Basic Counting in Python - Sparrow Computing

I love fancy machine learning algorithms as much as anyone. But sometimes, you just need to count things. And Python’s built-in data structures make this really easy. Let’s say we have a list of strings:

things = [
    "a",
    "a", "b",
    "a", "b", "c",
    "a", "b", "c", "d",
]

With a list like this, you might care about a few different counts. What’s the count of all items? What’s the count of unique items? How many instances are there of <some value>? How many instances are there of all unique values?

We can answer these questions easily and efficiently with lists, sets and dictionaries. Being very comfortable with these objects is important for writing good Python code. With that said, let’s find all our counts.

Count all values in a list

We’ll start with an easy one:

len(things)

# Expected result
# 10

The len() function works for built-in Python data structures, but it also works with any class that implements the __len__() method. For example, calling len() on a NumPy array returns the size of the first dimension.

Count unique values in a list

How many unique values are there in a list? Answer this question by first creating a unique collection of values (that is, a set). Then call len() on the set:

len(set(things))

# Expected result
# 4

One thing to point out here is that things doesn’t have to be a list of strings for this to work. In Python, you can put any hashable object into a set. By default, this includes simple data types, but you can implement the __eq__() and __hash__() methods that handle object equality and object hashes (respectively) in order to make any object hashable.

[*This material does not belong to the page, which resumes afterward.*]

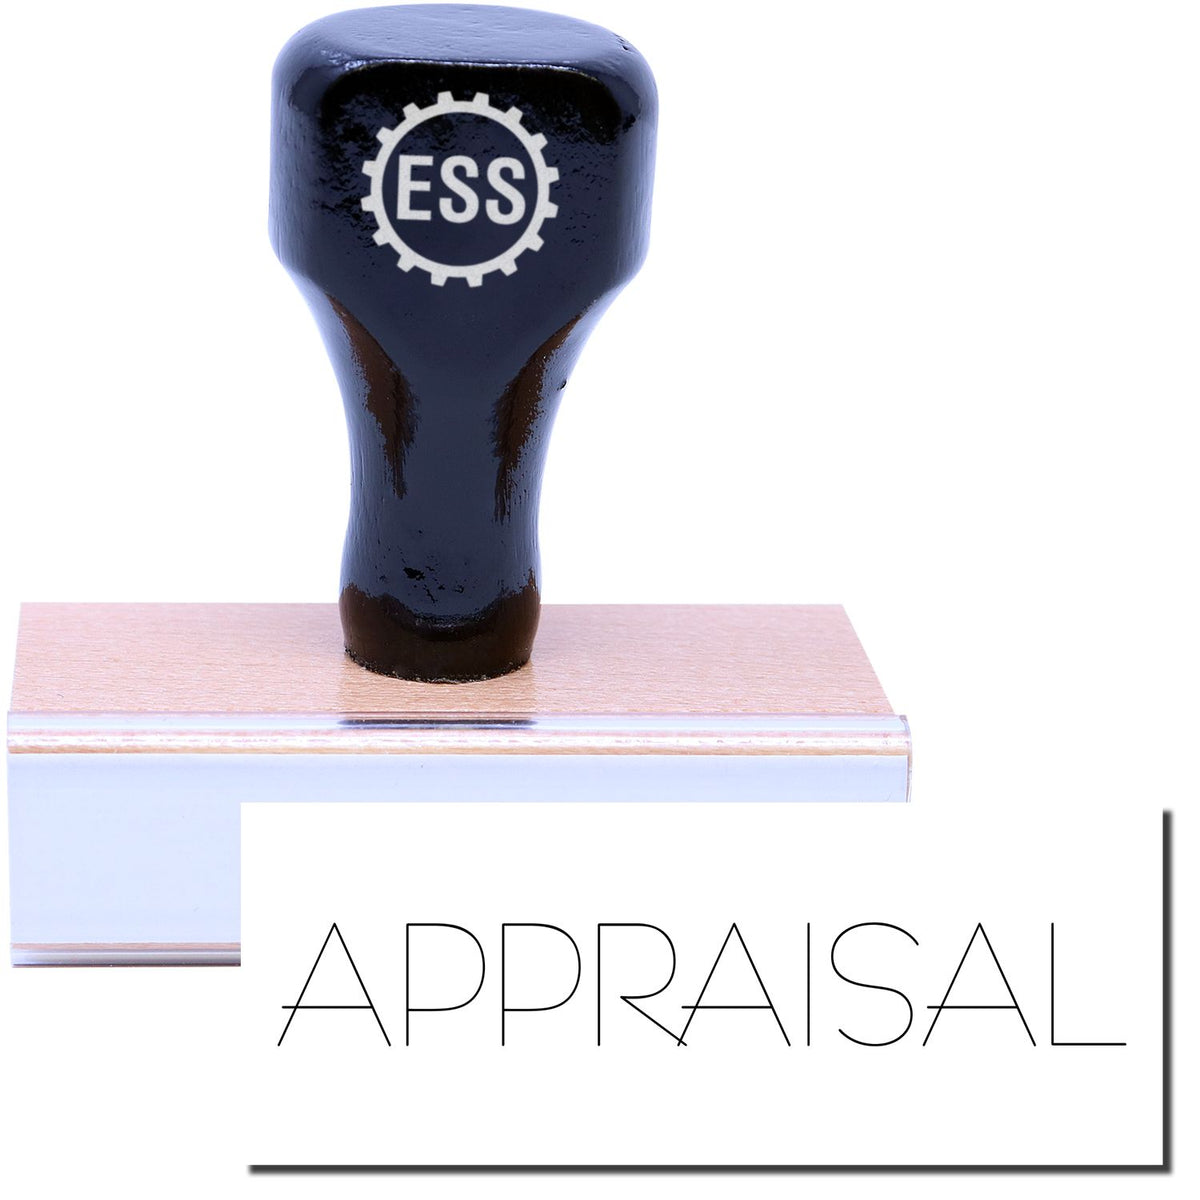 A stock office rubber stamp with a stamped image showing how the text &quot;APPRAISAL&quot; is displayed after stamping.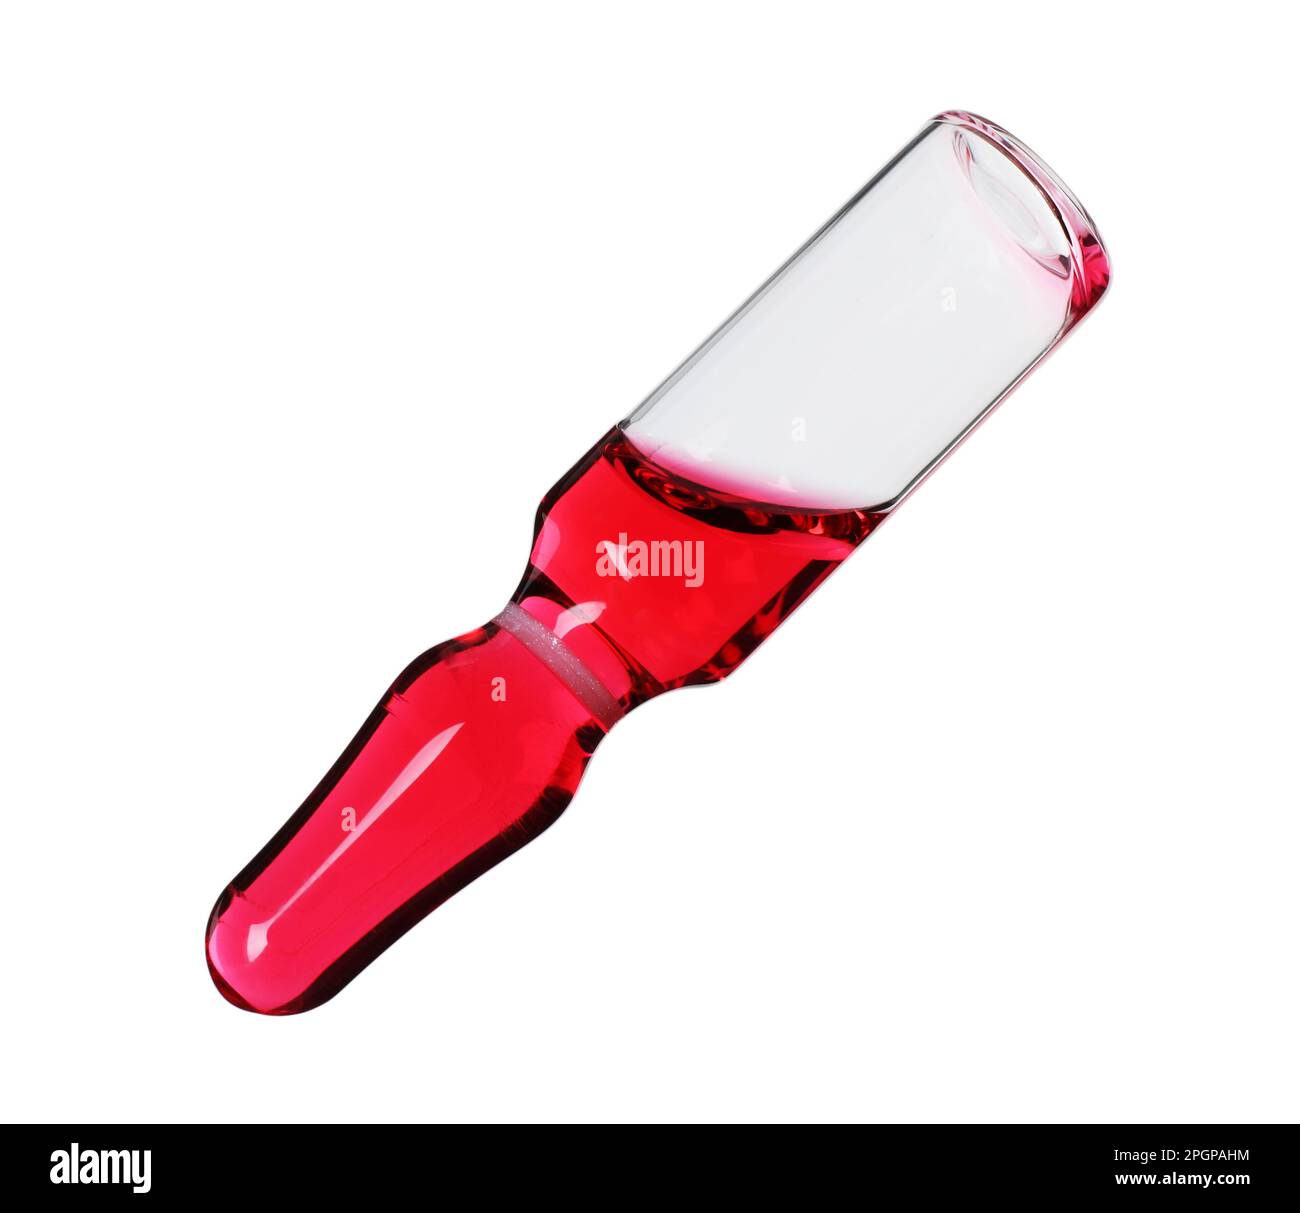 Glass ampoule with pharmaceutical product on white background Stock Photo

Count instances of a specific value

How many instances of "a" are there in the list? You can find out with the .count() method:

things.count("a")

# Expected result
# 4

Convenient!

Count instances of all unique values

OK, but what if we want to count the number of instances of all unique values? If you use Pandas or SQL, you will probably recognize this as a group by operation. Indeed, Python comes with a itertools.groupby() function that does exactly this. But it’s a bit of a pain because you have to sort your list before passing it in. And if you forget to sort your list, you don’t get an error, you just get the wrong result.

Instead, let’s go back to our trusty friend the set. If we loop through all the unique values (the set of values) then we can call the .count() method with each one. That will tell us what we need to know:

for value in set(things):
    print(value, things.count(value))

# Expected result
# a 4
# c 2
# b 3
# d 1

This is easy and efficient.

One other cool trick

One other thing to mention is that if you want to know all of these counts for a list, you should consider creating a dictionary of value counts first. You can use a collections.defaultdict for this, but you can also create it in a one-liner with dictionary comprehension:

counts = {value: things.count(value) for value in things}

counts

# Expected result
# {'a': 4, 'b': 3, 'c': 2, 'd': 1}

Now we have the count of all unique values. But you can also get all the other counts that we discussed above:

# Count all values in the list
sum(counts.values())

# Expected result
# 10

# Count unique values in the list
len(counts.keys())

# Expected result
# 4

# Count instances of a specific value
counts["a"]

# Expected result
# 4